Some questions about PTX and cubin. How to know where my registers are used for?


I have some questions about ptx code. My current code is using too many registers. I invoked (64, 2) threads for one block and each of the threads in my algorithm explicitly uses about 100 registers. But when I compile it with --ptxas-options=-v, it reports 121 registers plus 120 bytes local memory usage. Now I have the following questions:

  1. I looked at ptx code and there was no local memory usage. I mean I searched “.local” but found non. So is this simply because I use too many registers? But I use only 100 registers explicitly in my algorithm! Could other temporary variables take so many registers?

  2. The only local memory usage that can be observed is due to careless programming, right? (e.g. can’t determine the index of an array during compilation) Only in this case, we can clearly see there is local memory declared in ptx code. If the local memory usage is only due to too many registers used, we can’t tell this from ptx code alone.

  3. As I can see in ptx code, there are about 900 temporary registers declared. When compiled from ptx file to cubin file, it’s further optimized and thus most of these registers are eliminated, right?

  4. How can I know where my registers are used and what they are used for? Or which part of my code results in local memory usage? I can’t see any local memory usage from ptx code now.

  5. Decuda is only available before sdk 3.0 and after that, cubin file uses ELF format which disabled decuda. Is this correct? By the way, why I can’t find any decuda download available online now? This link ( seems unavailable any more.

  6. In programming guide page 17, there is a sample code like the followings. I wonder how to allocate a two dimensional array like A[N][N] on device memory? I know we can use linear memory instead and that’s why I think maybe it’s an error in the manual.


// Kernel definition

__global__ void MatAdd(float A[N][N], float B[N][N],

float C[N][N])


int i = blockIdx.x * blockDim.x + threadIdx.x;

int j = blockIdx.y * blockDim.y + threadIdx.y;

if (i < N && j < N)

C[i][j] = A[i][j] + B[i][j];


int main()



// Kernel invocation

dim3 dimBlock(16, 16);

dim3 dimGrid((N + dimBlock.x – 1) / dimBlock.x,

(N + dimBlock.y – 1) / dimBlock.y);

MatAdd<<<dimGrid, dimBlock>>>(A, B, C);


Sincerely waiting for your reply and your help. Thanks.

ptx uses an infinite number of registers. Register allocation is done and register spilling is introduced on compiling from ptx to cubin, so you won’t see the local memory use in ptx code (unless a variable is explicitly moved to local memory because it’s address is taken or it’s an array which is used with non-constant indices).
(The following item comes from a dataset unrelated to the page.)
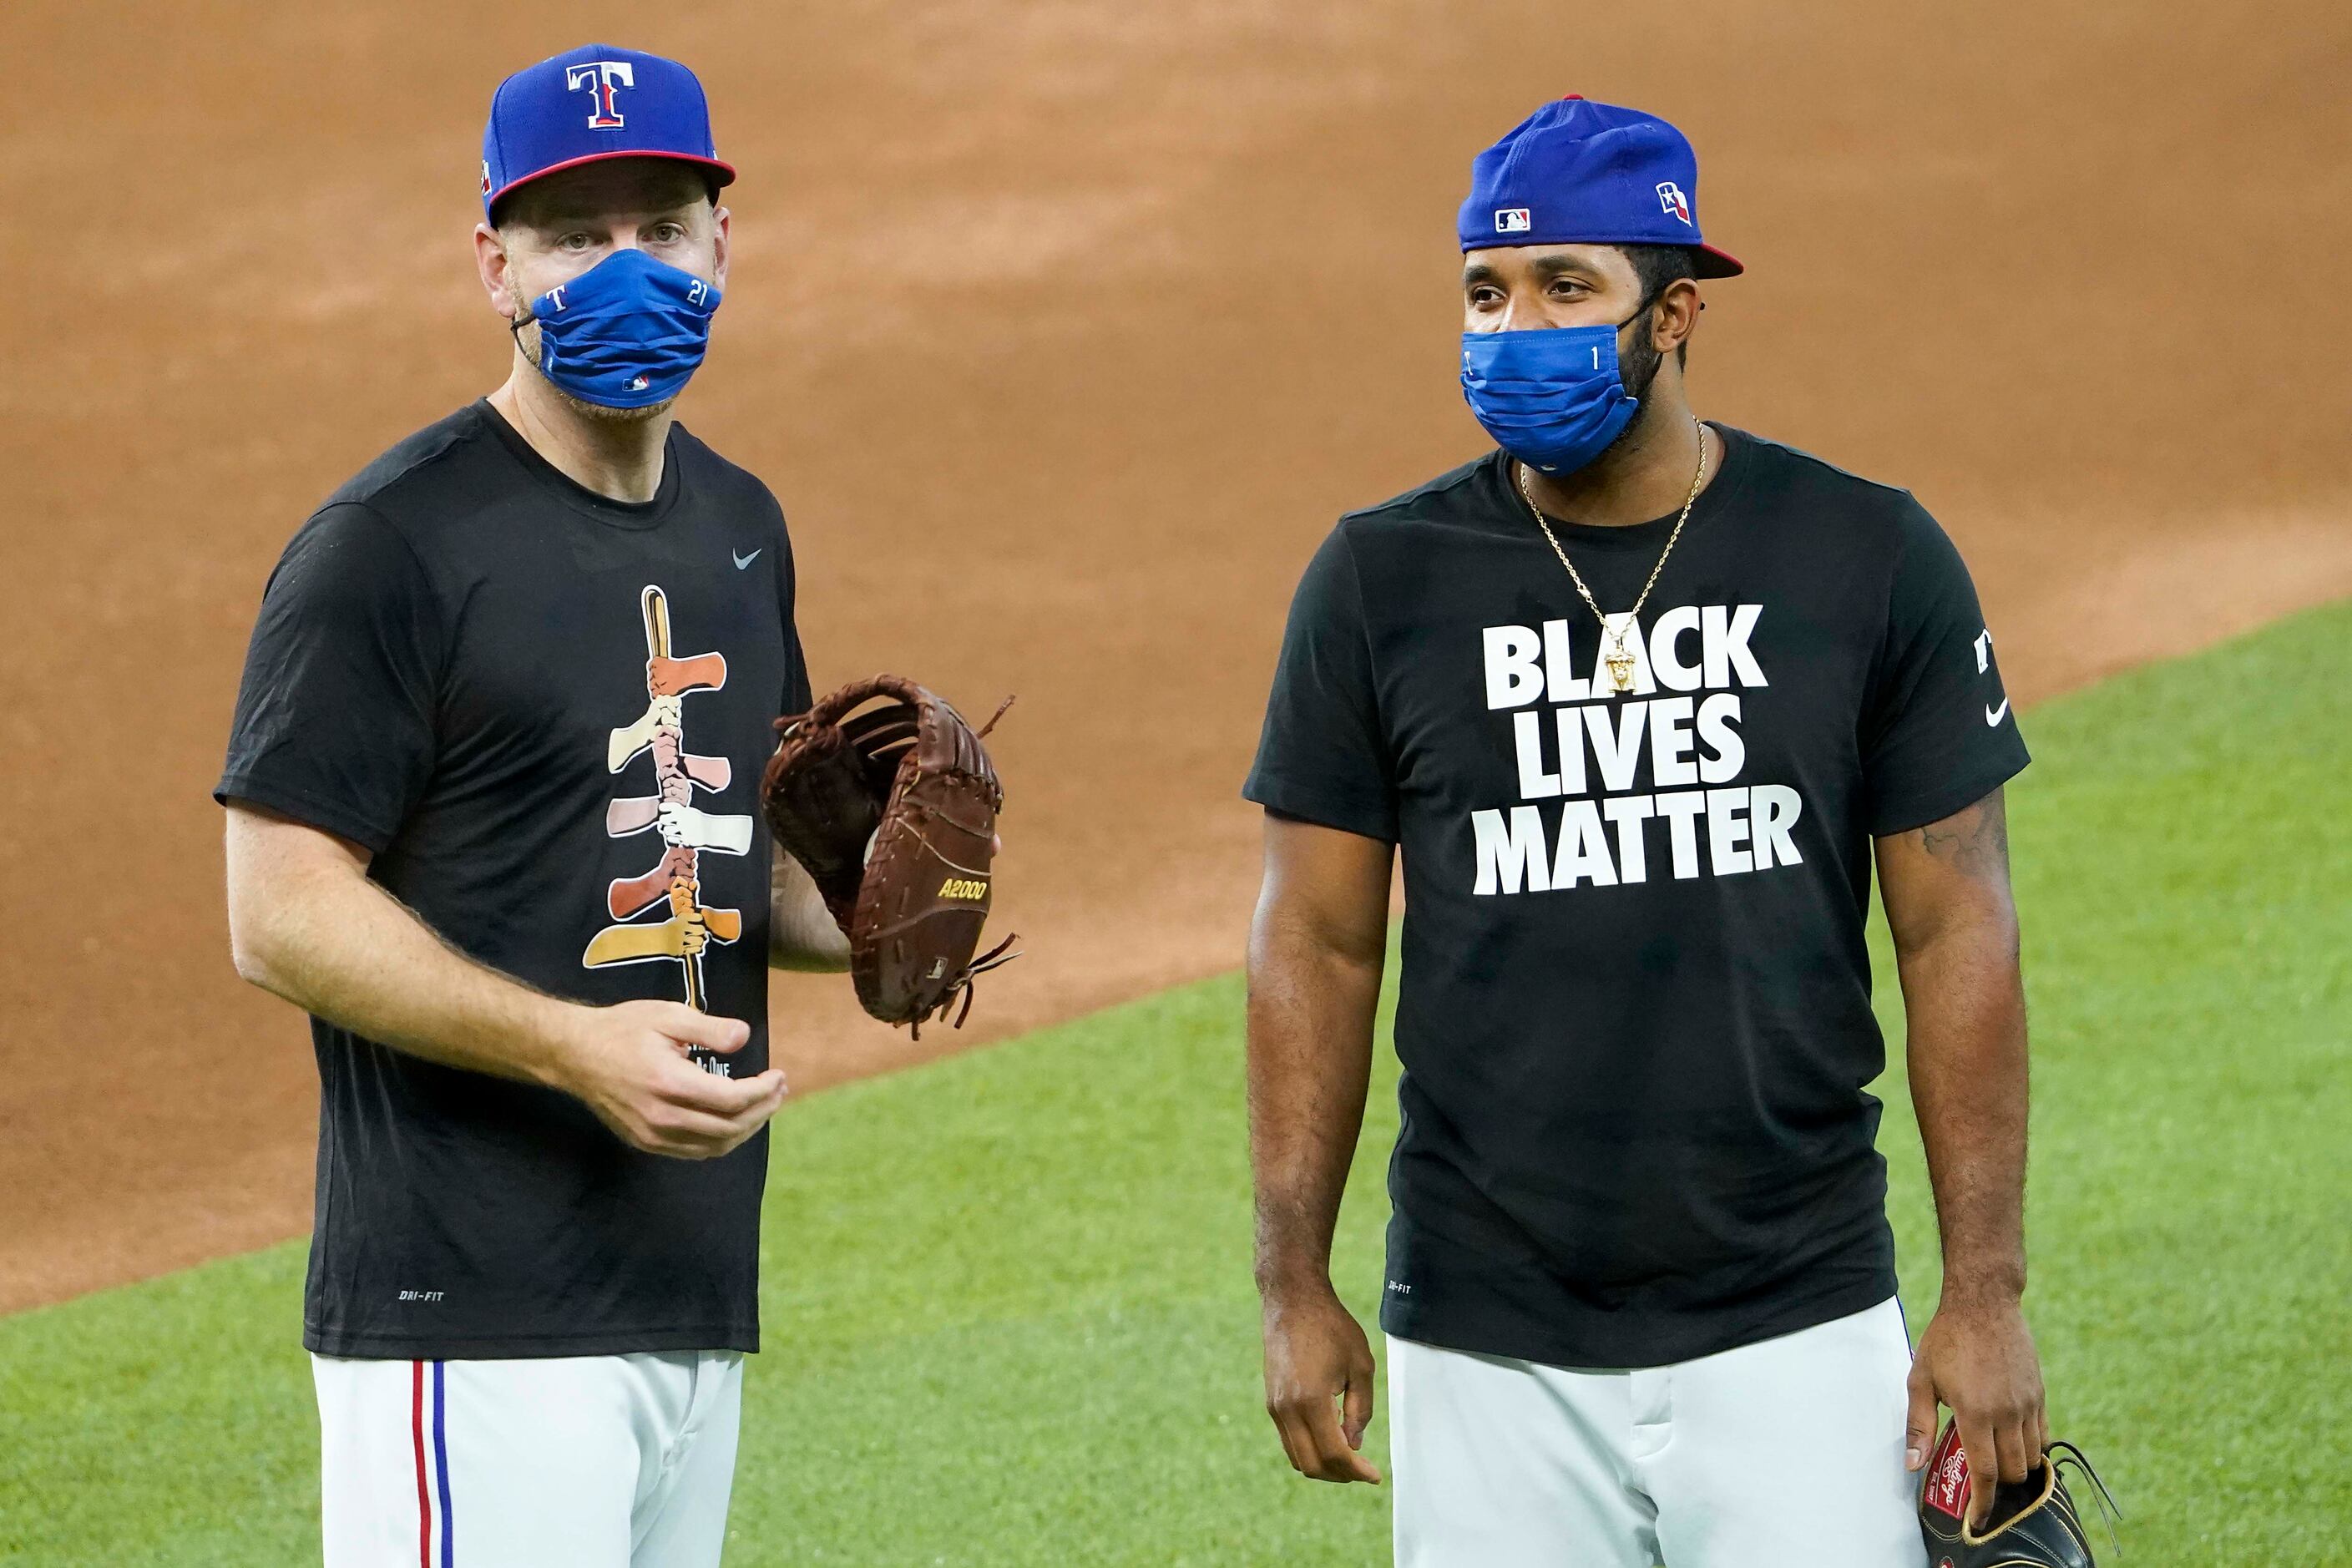 Todd Frazier (left) and Elvis Andrus wear t-shirts in support of racial justice as they warm...

Apparently decuda has recently been updated for use with elf as well. However, I have no experience with that, still use it with old cubin files only.

  1. The compiler will use as many registers as it sees fit, for optimization/subexpression elimination purposes.

  2. Correct, as far as I know.

  3. nvcc generates PTX in what’s called static single assignment form, so the number of registers used in nvcc’s --ptx output bears no relation to the number of registers coming out of ptxas.

  4. Hard to say. You can try looking at the disassembly from decuda/nouveau for more details.

5a. I’ve written a script to make it possible to use decuda or the nouveau disassemblers (nv50dis/nvc0dis) with the ELF cubin files from CUDA 3.0/3.1:…t&p=1080943. I’ve only tried it on Linux, though.

5b. You can still get decuda from there, you just need to git clone the repository.

  1. A two-dimensional array with constant bounds like that is allocated row-major anyway, so you can do it with linear memory. Alternatively you could define a 2d shared or local array as long as N is known at compile time.

Oh, thank you so much. :-)